Hmm.  Sounds to me like Henry was the crazy one in the family. Physician, heal thyself!

Ultimately, Antoinette walked away with the house in Bel Air, a car, $70 a month in child support, and retained a trust fund which would pay her $6,000 per year.

As far as I’m concerned, Henry did much better than he deserved to – he got $16,000 in cash and a car.

Another marriage destroyed by that evil home wrecker, liptstick!



In the previous story from 1930, Mrs. Mildred J. Arnold discovered her husband’s infidelity by recognizing that a lipstick on her dressing table wasn’t her shade.

Twenty-seven years later lipstick traces were again the cause of a divorce. This time the woman was twenty-five year old Darla Hood (of “Our Gang” fame). 

If you’ve never seen any of the Our Gang shorts, shame on you — they are wonderful.  Darla played the neighborhood femme fatale (at four years old!). Here’s Darla stealing the hearts of the local boys.

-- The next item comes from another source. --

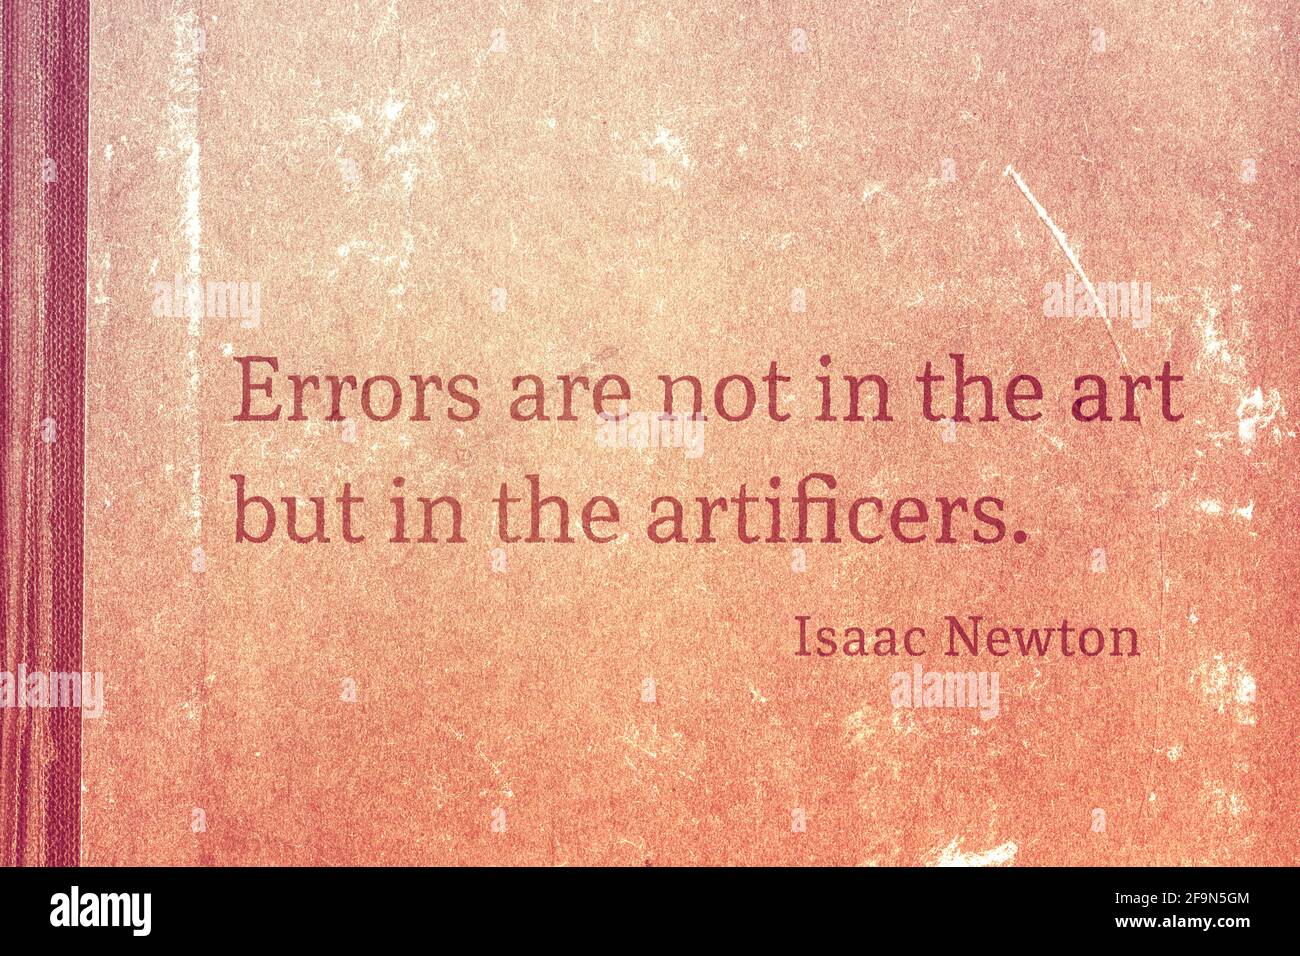 Fehler liegen nicht in der Kunst, sondern in den Künstlern - berühmter englischer Physiker und Mathematiker Sir Isaac Newton Zitat Gedruckt auf Vintage-Karton Stockfoto

Who can blame them for being smitten. She’s adorable!

During the divorce hearing Darla revealed that her husband, thirty-threee year old insurance salesman Robert W. Decker, would often arrive home in the wee hours of the morning drunk and with lipstick smeared on his clothing.

Darla told Superior Judge Frederick F. Houser that one morning she “…got up and found him in the kitchen washing his shirt.” According to Robert he was trying to remove some red ink that he’d spilled on himself. Darla didn’t buy a word of his lame tale, and told him that  she was sick and tired of spending her evenings at home alone.  Robert’s response to Darla was that whatever he was doing was none of her business, then he shoved her to the floor.

The final showdown between the couple came after Robert had stayed out all night and Darla was unable to reach him by telephone. She was on a trip to San Francisco to promote one of her records, and she  and was frantic when she couldn’t locate her missing spouse. Darla testified that when she finally caught up with him,  “he asked me if I wanted a divorce, and I said I did. He said swell, go get it.”

Darla let Judge Houser know that she didn’t want any alimony. She explained that she was accustomed to taking care of herself — all she wanted was to be out of the marriage. Her decree was granted.

Oh, and the name of the song she was promoting — “Just Wanna Be Free”.


Ladies, if you think your man is cheating on you forget the GPS, and don’t hire a private investigator — check his clothes for lipstick smears. If the color on his shirt doesn’t match anything in your cosmetics case, you’ve got a problem. For instance, one of my favorite shades of lipstick is Twig by MAC. If my husband came home with traces of a screaming red lipstick on his collar he’d better be prepared with a darned good story.

Mrs. Mildred J. Arnold’s husband was tacky enough to entertain his blonde on the side in his wife’s very own boudoir! No wonder she was peeved.  Add his infidelity to the occasional beatings he administered to Mildred, and the fact that he frequently went to dances on his own and it’s no wonder Mrs. A. sued for a divorce.